3. Risperidon 2 mg (1-0-1)
- Sedian : 1 mg, 2 mg, 3 mg, sirup dan injeksi 50 mg/mL
- Farmakodinamik : merupakan derivate dari benzisoksasol mempunyai afinitas
yang tinggi terhadap reseptor serotonin (5H2T), dan aktivitas menengah
terhadap reseptor dopamine (D), alfa 21 dan alfa 2 adrenergik reseptor
histamine.
- Indikasi : untuk terapi skizofernia baik yang gejala positif maupun negative
- Efek samping : insomnia, agitasi, ansietas, somnolen, mual muntah,
peningkatan berat badan, hiperprolaktimenia dan reaksi ekstra pyramidal
terutama tardive diskenesia
- Pembahasan :
Dalam penggunaan obat anti-psikosis yang ingin dicapai adalah
“optimal response with minimal side effects”. Pemilihan jenis obat
anti-psikosis mempertimbangkan gejala psikosis yang dominan dan
efek samping obat. Karena gejala dominan yang ada pada pasien ini
adalah gejala positif dan negatif terapi pilihan yang diberikan berupa
anti-psikosis atipikal yaitu risperidon. Dosis risperidon yang diberikan
yakni 2 x 2 mg per hari.

4. Fridep 50 mg 1x1
- Sedian : 50 mg
- Farmakodinamik : menghambat “re-uptake aminergic neurotransmitter”dan
menghambat penghancuran oleh enzim “Monoamine Oxidase”sehingga
terjadi peningkatan jumlah ëminergic neurotransmitter pada celah sinaps
neuron yang dapat meningkatkan aktivitas reseptor serotonin.

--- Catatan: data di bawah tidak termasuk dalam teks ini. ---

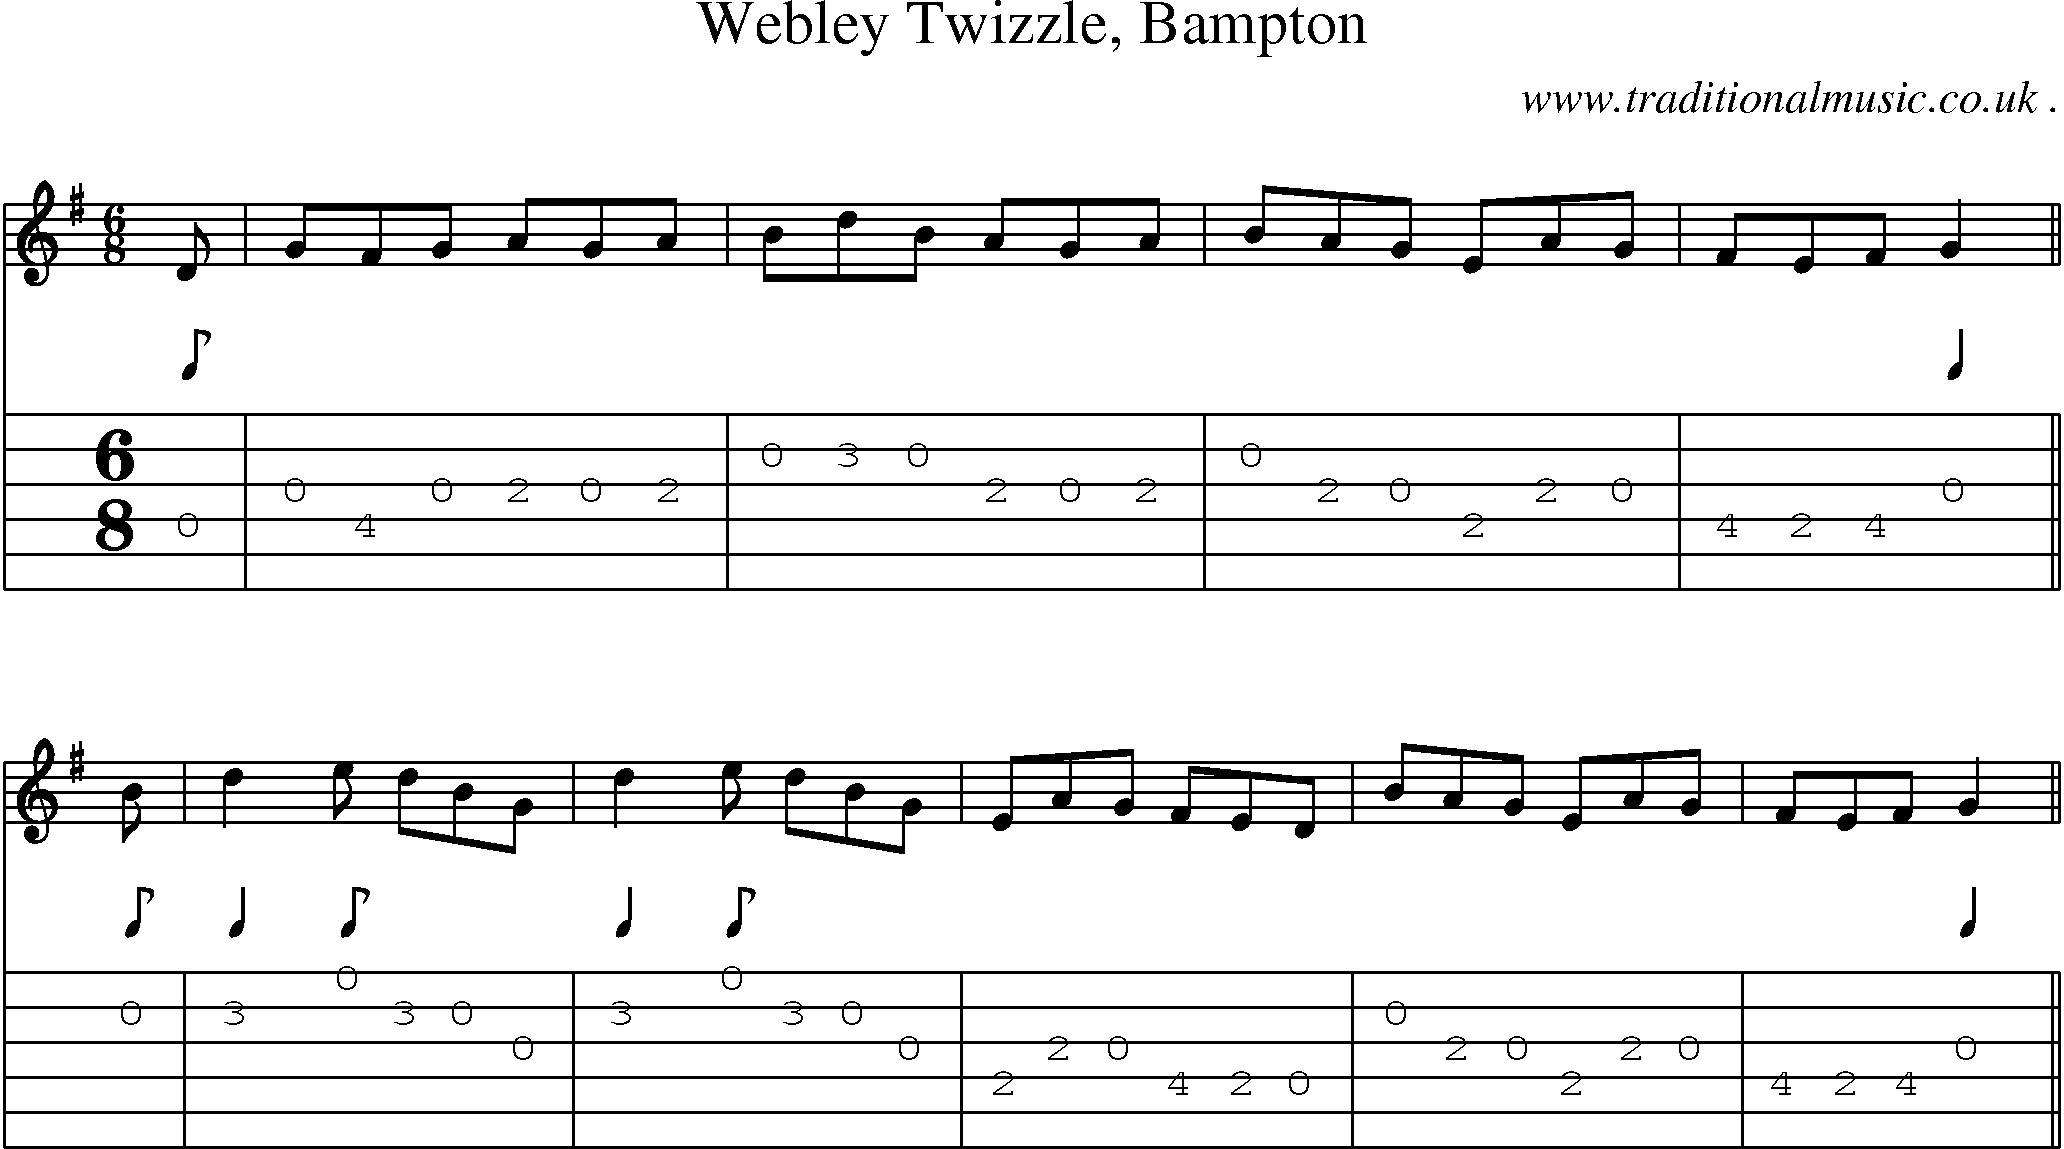 Sheet-Music and Guitar Tabs for Webley Twizzle Bampton

- Indikasi : untuk terapi pasien dengan gejala depresi
- Efek samping : efek sedasi, efek antikolinergik, efek anti-adrenergik alfa, efek
neurotoksis
- Pembahasan :
Dalam penggunaan obat anti-depresan mekanisme sindrom depresi
disebabkan oleh defisiensi relative salah satu atau beberapa äminergic
neurotransmitter”(noradrenalin, serotonin, dopamine) pada celah sinaps
neuron di SSP sehingga aktivitas reseptor serotonin menurun. Pada
pasien karena menunjukkan syndrome depresi selama kurang lebih 1
bulan dan hampir setiap hari, yang ingin dicapai adalah normalnya
neuron di SSP.

 Terapi Nonfarmakologi
1. Terapi psikoedukasi yaitu dengan cara memberikan edukasi atau informasi mengenai
penyakit yang diderita pasien berisi tanda dan gejala kekambuhan yang mungkin
timbul serta pentingnya peran keluarga dalam kepatuhan minum obat pasien.
Mengubah stigma keluarga pasien terhadap penyakit yang diderita sehingga keluarga
bisa memberikan dukungan yang lebih baik kepada pasien. Membimbing dalam
kehidupan sehari-hari, memberi kegiatan sesuai minat dan kemampuan pasien.
Membawa pasien kontrol kembali tepat pada waktunya.